Despite the model’s prediction being both syntactically and semantically correct, output similarity metrics are not able to grasp the equivalence between the two snippets since they base their calculation on character and/or token similarity. Therefore, this translation results in low scores[1] for several output similarity metrics widely used in the field (see § 4.3), such as BLEU-4 (0.11) and Edit Distance (0.31).

The opposite occurs with the intent “clear the EDX register and move 5 in the lowest byte of the register”, which translates to the assembly snippet:

xor EDX, EDX

mov DL, 5

If the model generates the snippet:

xor EDX, EDX

mov BL, 5

then prediction and reference differ by a single character, yet the code does not accomplish the same task.
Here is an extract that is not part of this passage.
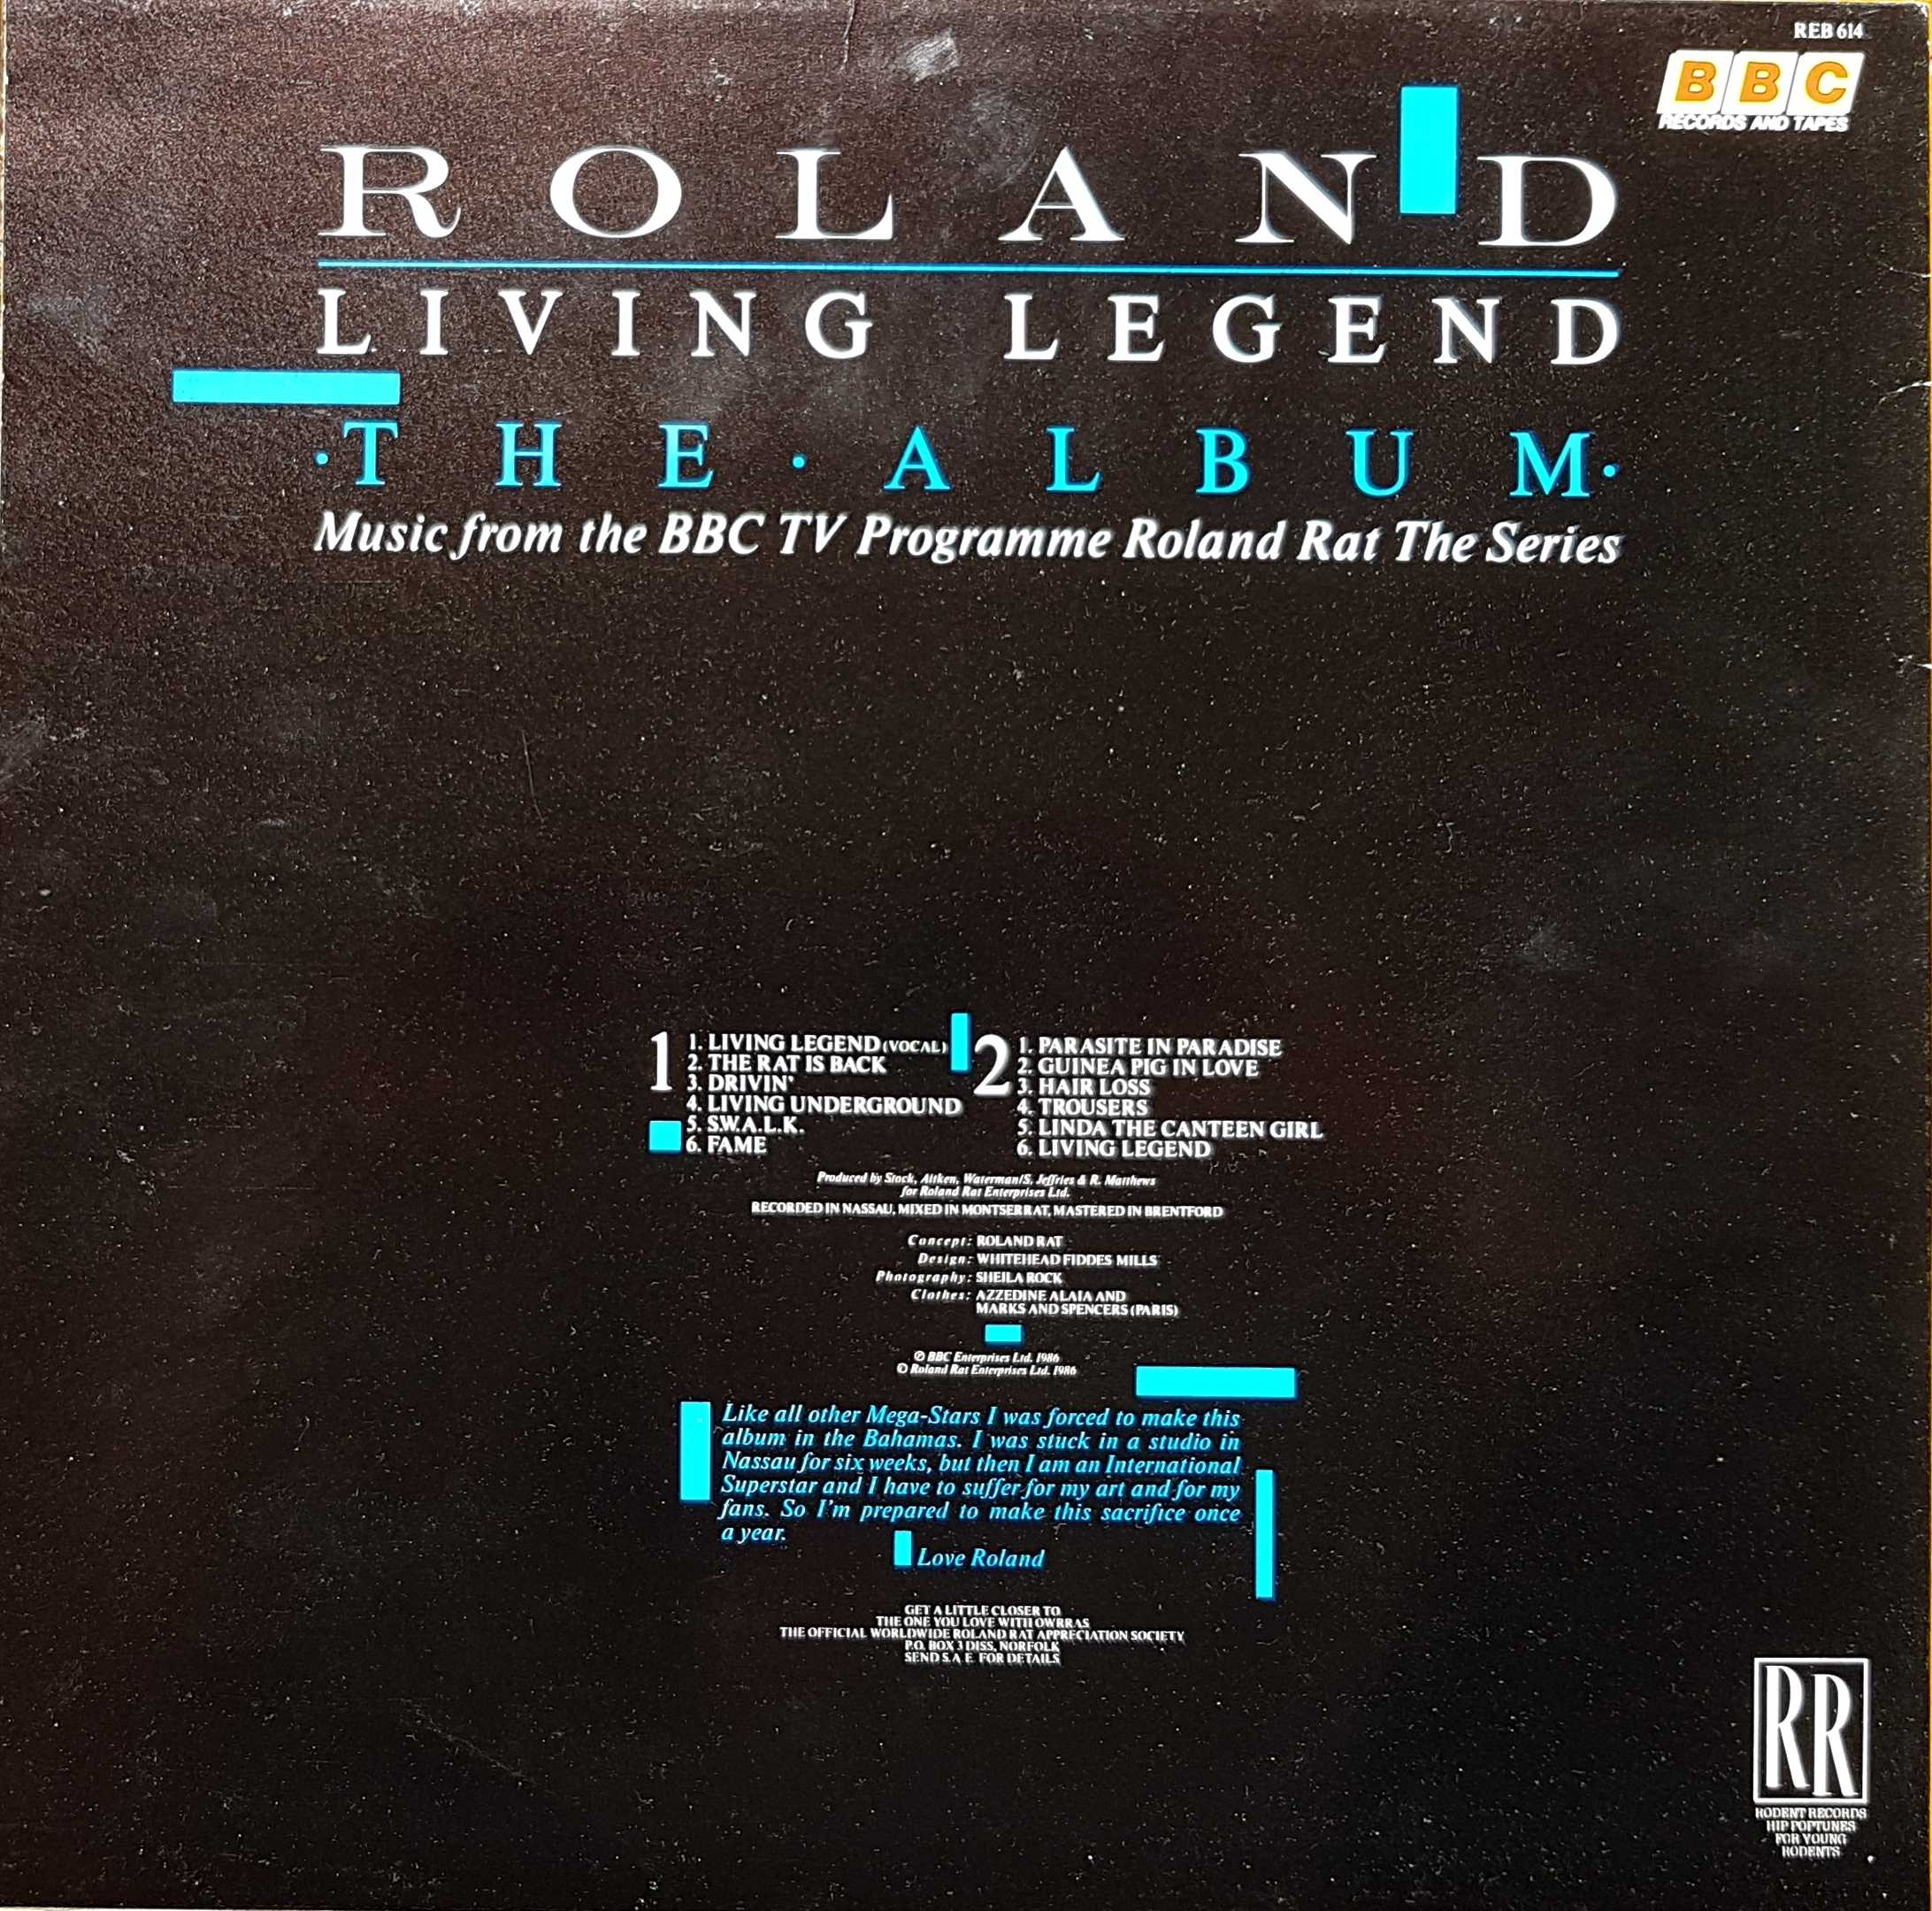 Picture of REB 614 Living legend - Roland Rat by artist Stock / Aitken / Waterman from the BBC records and Tapes library

Indeed, the lowest byte of EDX is stored in the DL register, while BL contains the lowest byte of EBX. Automatic metrics fail to account for situations like this. For instance, the Edit Distance between these two pieces of code is 0.96, while the BLEU-4 is 0.65, which are considered high values. Differently, a human evaluator would appropriately classify this snippet as semantically incorrect, since it does not perform the intended operation, although it properly respects the syntax of the assembly language.

However, since the human analyst needs to check the syntax and the semantics of every output generated by the models, human evaluation is often unfeasible. Indeed, the huge amount of data to scrutinize makes the analysis time-consuming and prone to errors.

[1] Scores of output similarity metrics range between 0 and 1.